Rasmus Ristolainen? The blueliner who plays hockey at a very high level in international tournaments — you think the tank conditioned Risto to accept losing?
Then you have all of the other players who, like Eichel and Reinhart, were not even a part of Buffalo’s roster during the tank: Ryan O’Reilly. Kyle Okposo. Jake McCabe. William Carrier. Dmitry Kulikov. Robin Lehner. Anders Nilsson. Taylor Fedun. Cody Franson. Justin Falk. Justin Bailey. Nicholas Baptiste. Evan Rodrigues. Somehow, the tank conditioned all of these players who were not even here for the tank, to lose?
Obviously not. So who does that leave? Which players were here for the tank, and can we blame them for the Sabres getting accustomed to losing? Well, we have Tyler Ennis, Zemgus Girgensons, Marcus Foligno, Johan Larsson, Josh Gorges, and Zach Bogosian and Evander Kane, who were brought in during the 2014-15 tankathon. Essentially, a collection of bottom-six forwards and two middling defensemen are the leftovers from the tank roster, and we are supposed to believe that they have enough sway in the locker room to condition an entire team to think like losers?
Are you serious? It just is not realistic.
Fortunately, some Sabres fans have a bit of perspective:
You are sounding over dramatic about the tank. The sabres are 2 puck moving d away from being good. Guhle is one of them.
— Matt magiera (@mattmagiera10) April 22, 2017
Which segues nicely into the final point . . . .
Buffalo’s Roster Still a Work in Progress
Sometimes, the most obvious answers are the ones we overlook. In the case of the 2016-17 Buffalo Sabres, though, the explanation for a disappointing season is the obvious one. The roster is filled with players whose styles do not compliment one another, and holes that the front office was still in the process of filling. Both of those problems are the fault of former GM Tim Murray, former coach Dan Bylsma and the NHL salary cap, not the tank.
People make it sound as if the tank caused a good team to under-achieve, but let’s be honest — even if the Sabres had avoided some of the serious injuries that hit the roster this season, it is highly doubtful they would have made the playoffs. Why? The same reason why you would not open a shopping mall until the roof was firmly attached to it, or the electrical wiring was complete — it’s an unfinished product. The roster is stronger than before, but it is still missing some key elements here and there.
It really is that simple, everyone.
As our very own Ryan Wolfe pointed out, the Sabres took a sledgehammer to their roster during the tank and are still rebuilding, which is why the team saw the Toronto Maple Leafs blow by them in the standings this year. Ryan’s analogy says it all:
Buffalo has a house but decided to strip everything out of it right down to the copper piping and electrical wire in hopes that they could survive on the absolute bare-minimum during the storm. Toronto had a beat-up house but decided beat-up was OK and made minimal improvements while hoping the walls stayed up as the storm approached.

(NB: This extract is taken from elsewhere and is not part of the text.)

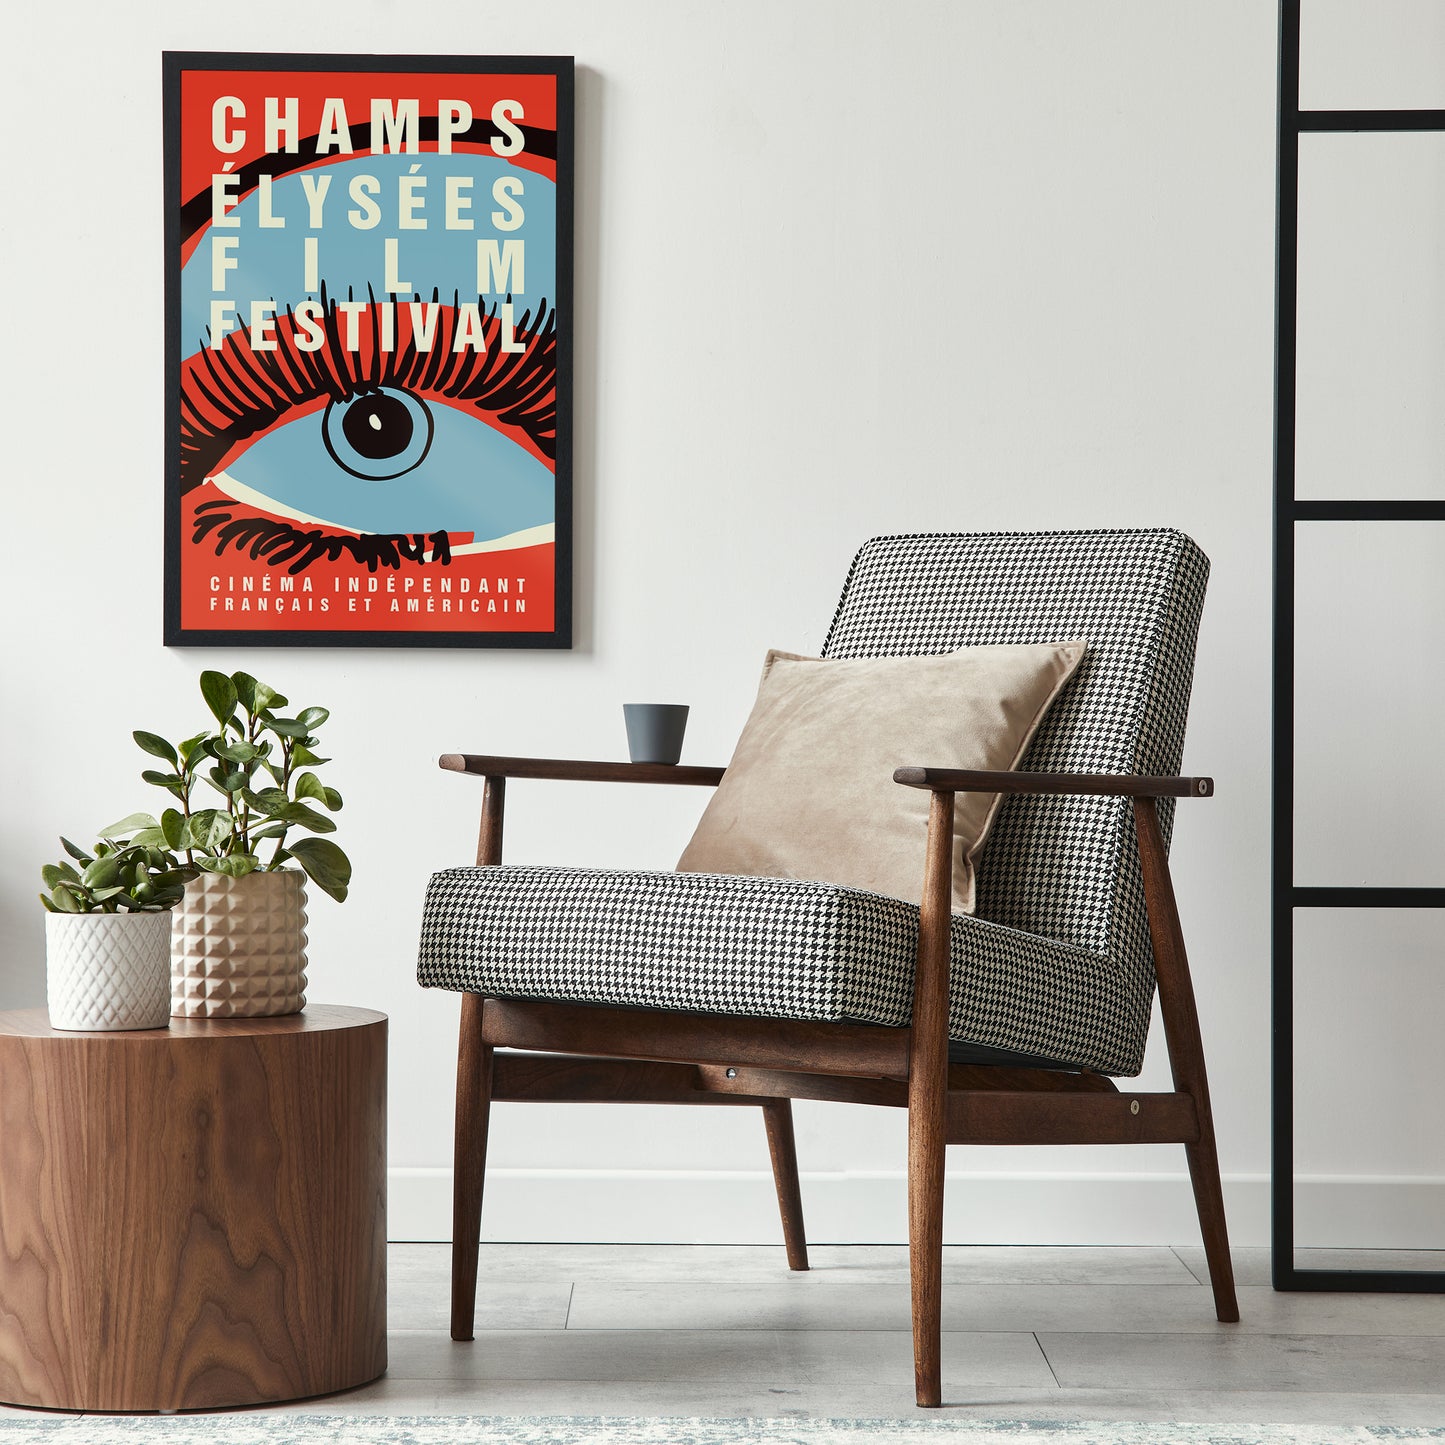 Champs Elysees Film Festival Poster

Holes in the blue line and the top-6 forwards still have to be plugged, and there are a few pieces of deadweight remaining on the roster that have to be tossed aside. Gutting a roster is not the sort of thing you can fix in just 1-2 seasons, and hiring a coach whose style didn’t fit the styles of half his players did not help. But reality got tossed out the window once Edmonton and Toronto beat Buffalo back to the playoffs. Being disappointed in another year without playoff action is fine. Blaming the tank of 2014-15, however, is absurd.